O escritor britânico George Orwell narrou, em sua obra “1984”, o cotidiano de uma sociedade fictícia mergulhada em uma completa distopia após o desenrolar de uma grande guerra. Na trama orwelliana, desenvolvida na cidade de Londres, todos os caminhos trilhados pela sociedade da fictícia Oceânia eram ditados por um monocrata totalitário, apelidado de “O Grande Irmão”. Nesse contexto, um dos principais mecanismos de dominação e controle social empregados pelo líder tirânico era o completo redesenho de toda a história mundial sob sua ótica de interesse, por meio do Ministério da Verdade, além da Polícia do Pensamento, um aparato de coerção por meio da violência. Desse modo, embora as circunstâncias saídas da imaginação do escritor britânico sejam parte de uma livro de ficção, as relações de poder e dominação contidas em “1984” podem ser associadas às políticas modernas de controle social aplicadas pelo governo chinês, as quais dialogam com as ideias do pensador alemão Max Weber sobre as dinâmicas das relações sociais. Assim, faz-se conveniente analisar esse quadro sob a luz dessa corrente sociológica.
Primeiramente, deve-se pontuar que Max Weber, uma das personalidades mais notórias da sociologia moderna, desenvolveu um pensamento sociológico que, em muitos aspectos, contrastava com as ideias do funcionalismo, o qual tinha Durkheim como um de seus adeptos. Isso porque, consoante Weber, a investigação da sociedade tal como proposta pelo pensador francês - em que deveria-se aferir os elementos sociais de forma isenta, encarando-os como pequenas engrenagens - não era o método mais eficiente para compreender a complexidade das relações sociais, posto que estas seriam, na visão do alemão, partes fundamentais do motor da dinâmica social.

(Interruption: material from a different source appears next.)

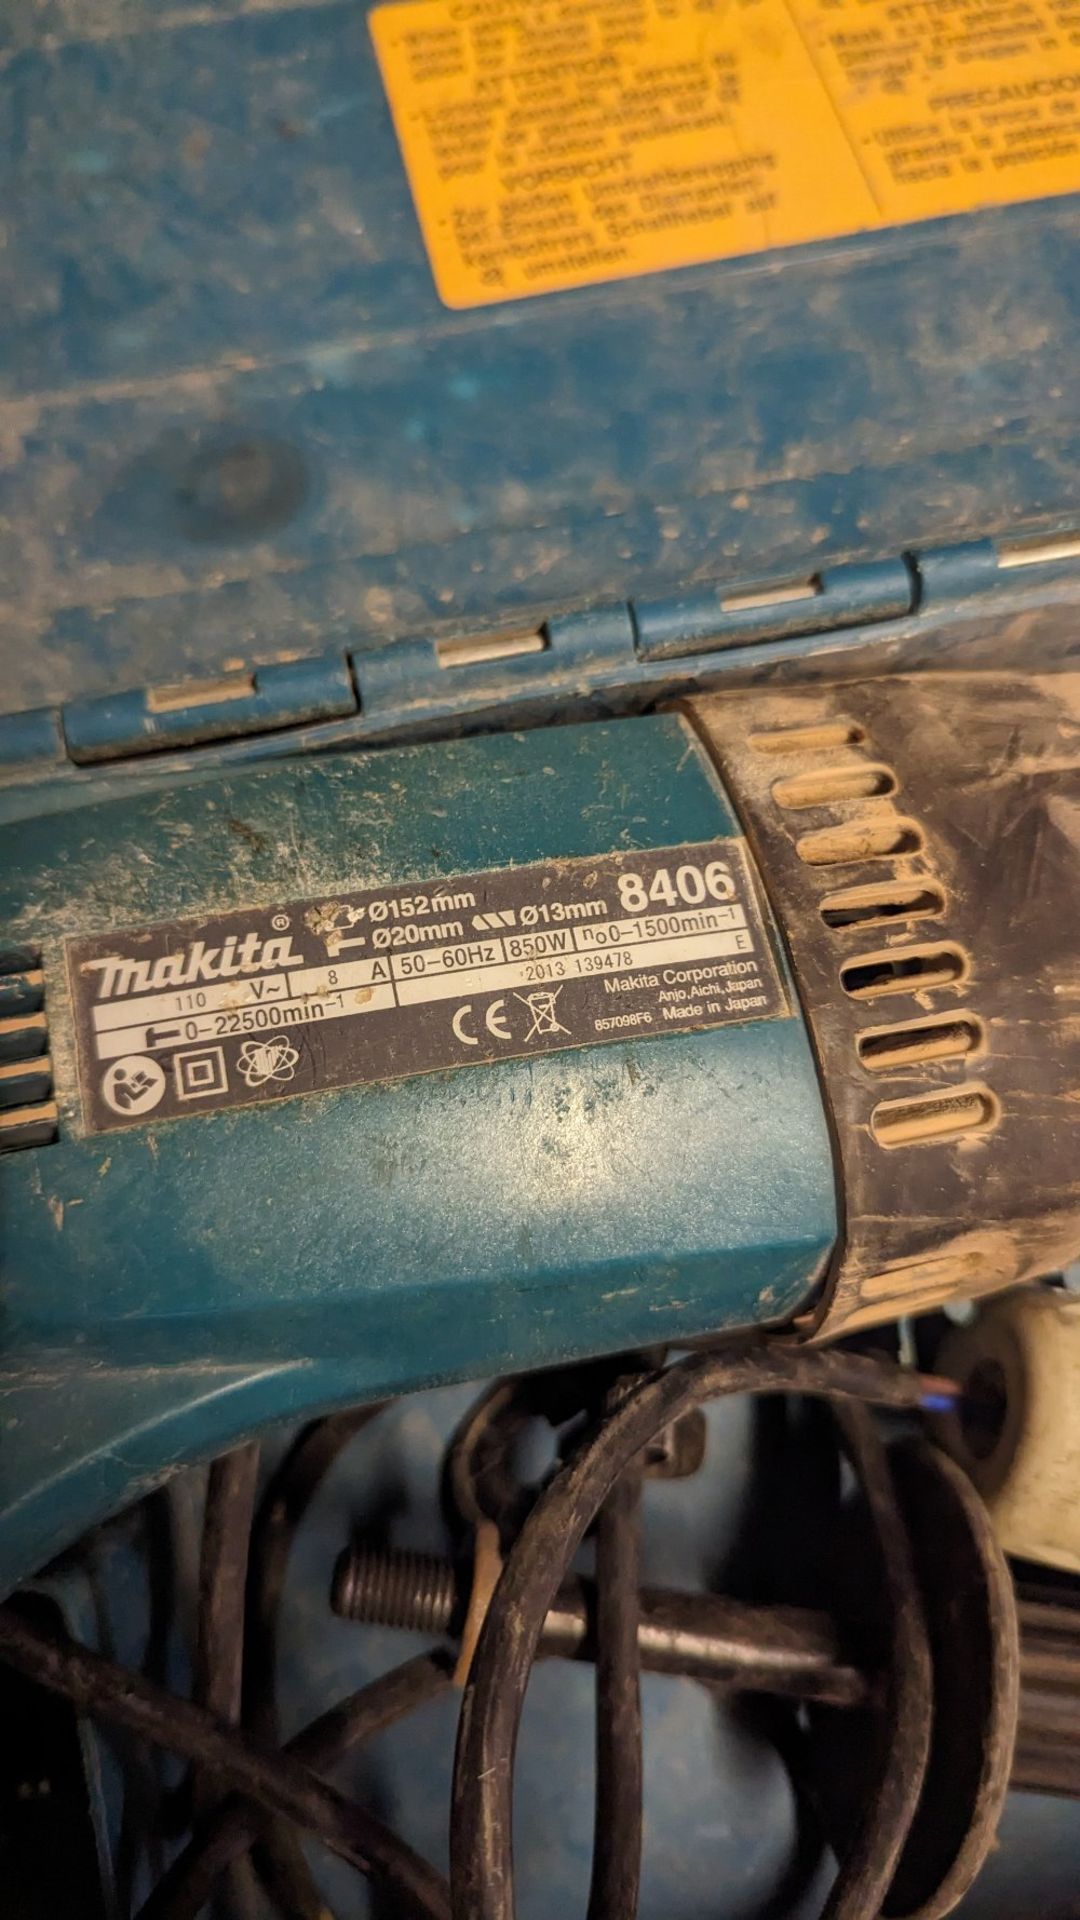 Makita 8406 hammer drill - Image 2 of 2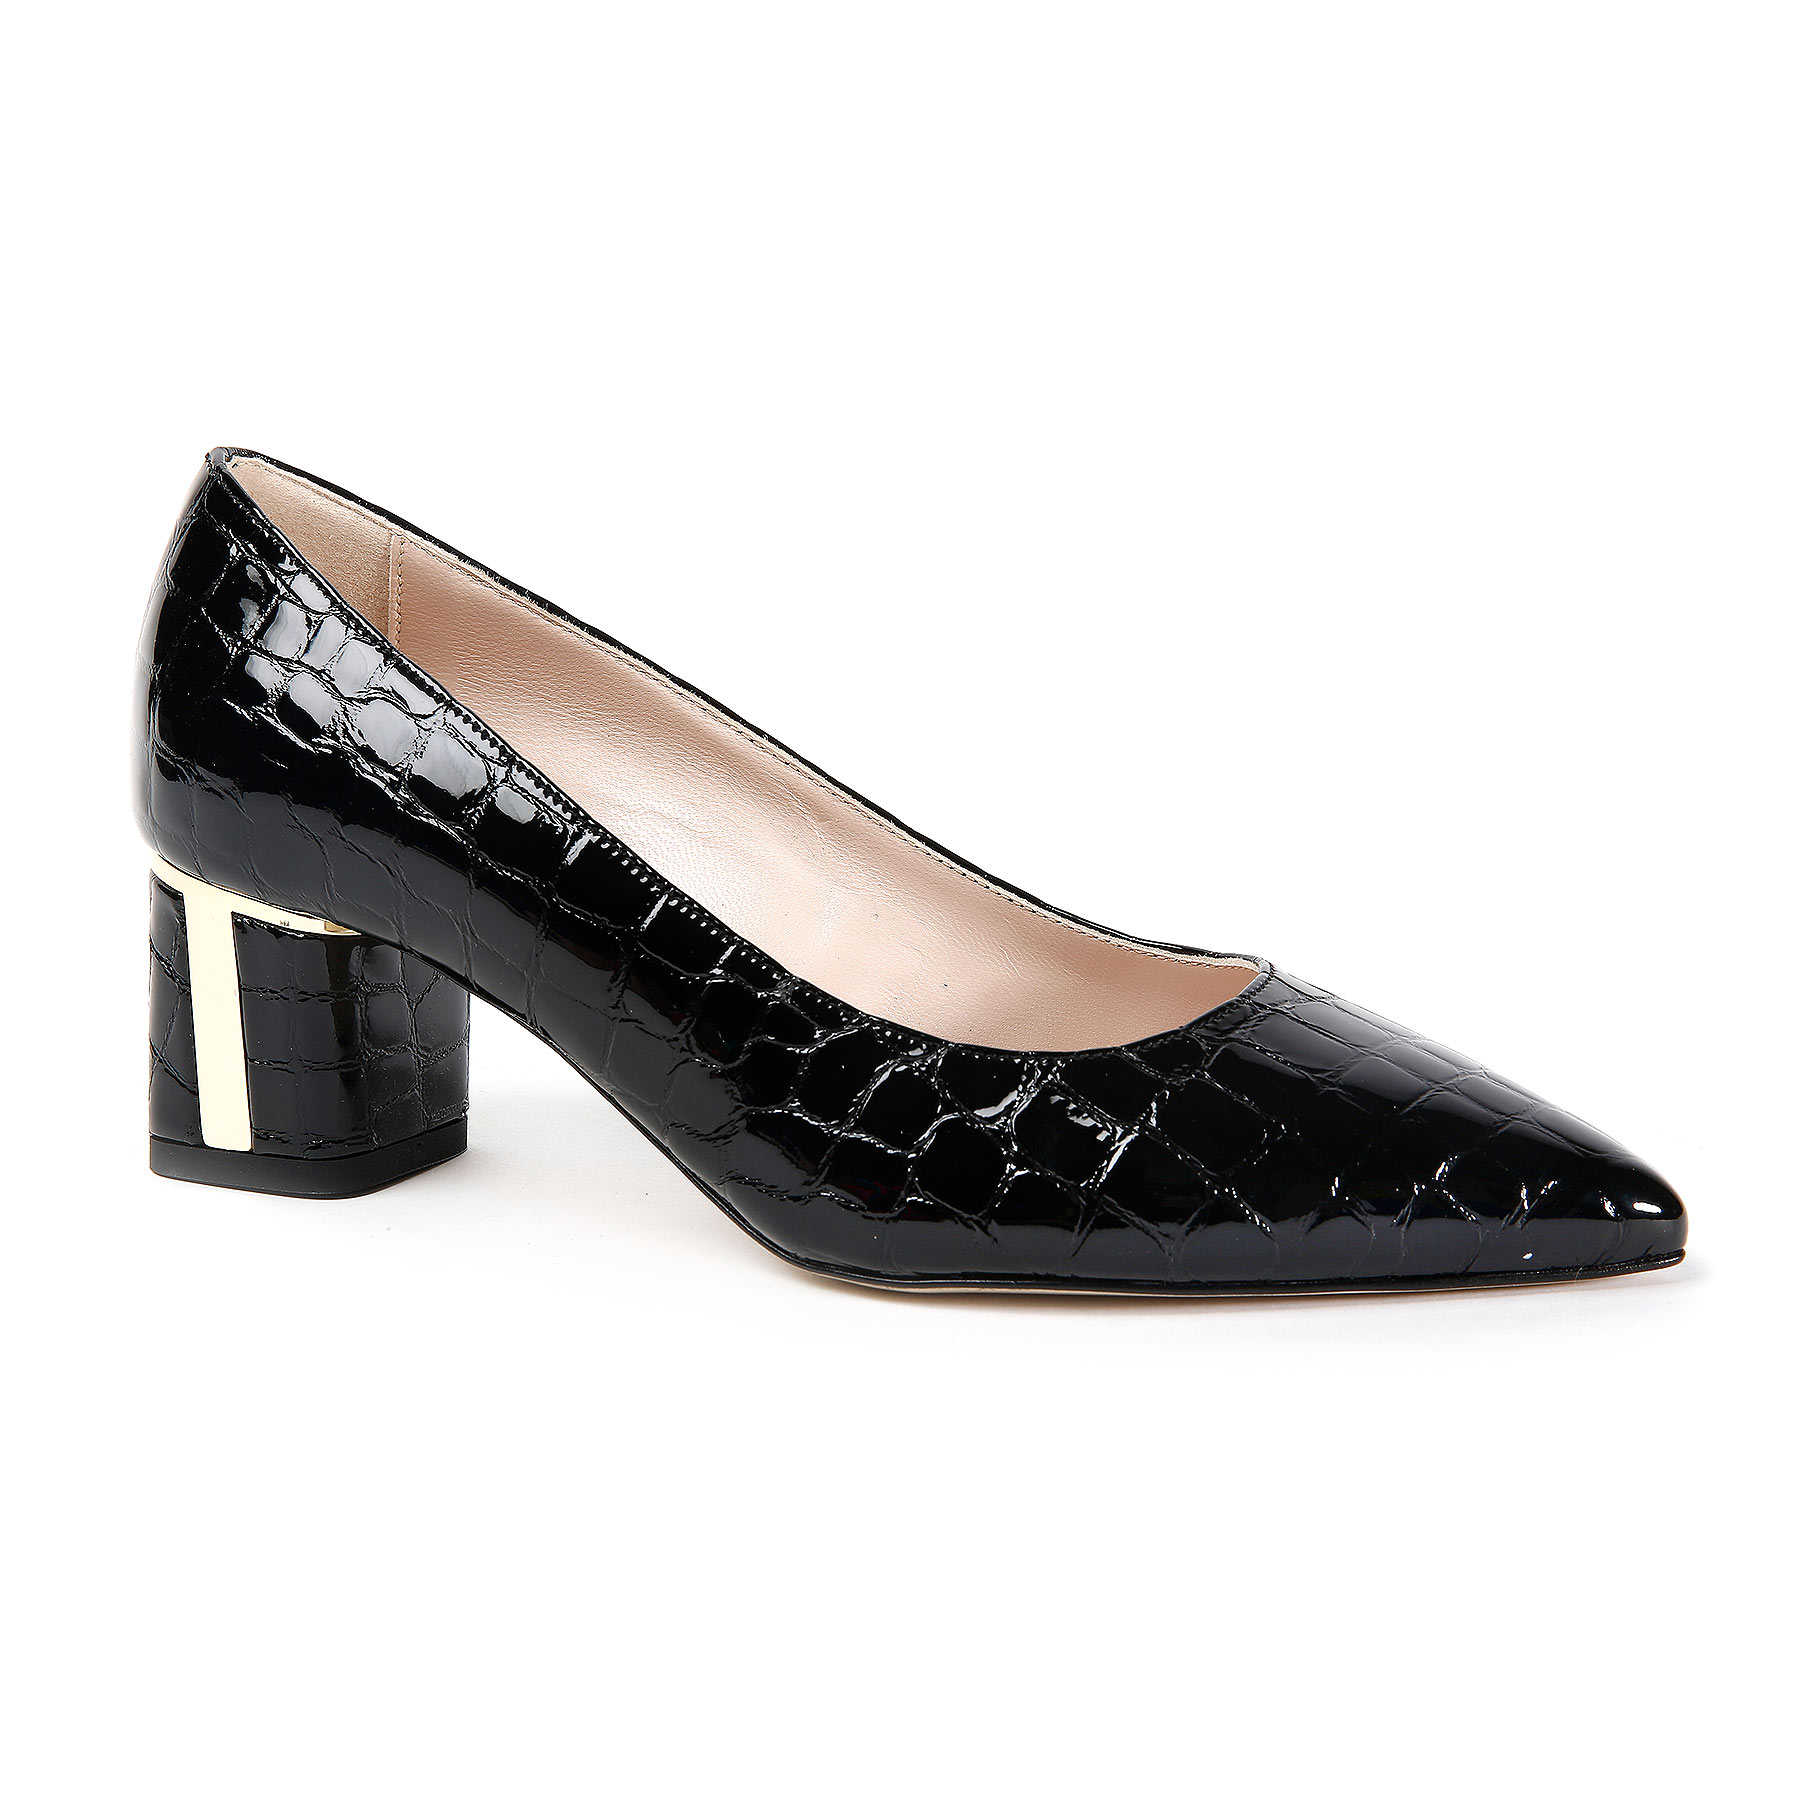 black court shoes block heel leather

Com isso em mente, Max Weber elaborou diversas teorias, sendo uma delas a da noção de dominação, em que determinado indivíduo ou organização exerce suas aspirações sobre os demais. Nesse âmbito, na ocasião de haver aceitação da dominação, esta passa a ser caracterizada como legítima, podendo, ainda, ser classificada em três níveis: tradicional; carismática; e legal. À vista disso, em uma primeira análise, pode-se constatar que a Polícia do Pensamento - aparato de violência para fins de coerção empregado pelo governo em “1984” - enquadra-se como uma forma ilegítima de dominação, uma vez que não seria oriunda de um acordo ou consenso, mas sim de um ato puramente belicoso.
Paralelamente, pode-se relacionar a Polícia do Pensamento da trama orwelliana com a política do governo chinês de detenção de minorias muçulmanas em campos de reeducação pela força, na região de Xinjiang. Isso porque, com o intuito de reprimir os não adeptos à filosofia oficial do Estado, o regime de Pequim os despacha para o noroeste do país, ensinando-lhes a ideologia chinesa de maneira compulsória. Desse modo, sob a ótica da sociologia weberiana, essa postura do governo asiático configura-se como uma quebra de todos os tipos de dominação legítimas, já que, assim como a Polícia do Grande Irmão, ela caracteriza-se por um viés violento.
Contudo, vale ressaltar que no caso específico da China existe também a presença da dominação carismática como um dos métodos de imposição da vontade dos líderes do Estado - assim como em diversos outros regimes ao longo da história, como Vargas, no Brasil. Esse fato torna-se nítido quando se analisa a propaganda de Estado largamente difundida que objetiva enaltecer a figura do ex-líder Mao Tse Tung, conferindo-lhe uma feição relacionada ao heroísmo e a generosidade, assegurando, assim, a devoção do povo chinês aos princípios do governo, tendo em vista que este seria a materialização contemporânea das atitudes defendidas pelo carismático Mao.
Portanto, fica nítido que as ideias trabalhadas por Max Weber são de grande importância para o entendimento da realidade. Ora, partindo-se da teoria de que as ações sociais são cruciais para o andar da sociedade, infere-se que analisar essas ações à luz da sociologia weberiana é indispensável para que tenha uma maior compreensão dos fenômenos sociais, como nos casos do exercício do poder e dominação na obra “1984” e no âmbito do governo chinês aqui analisados.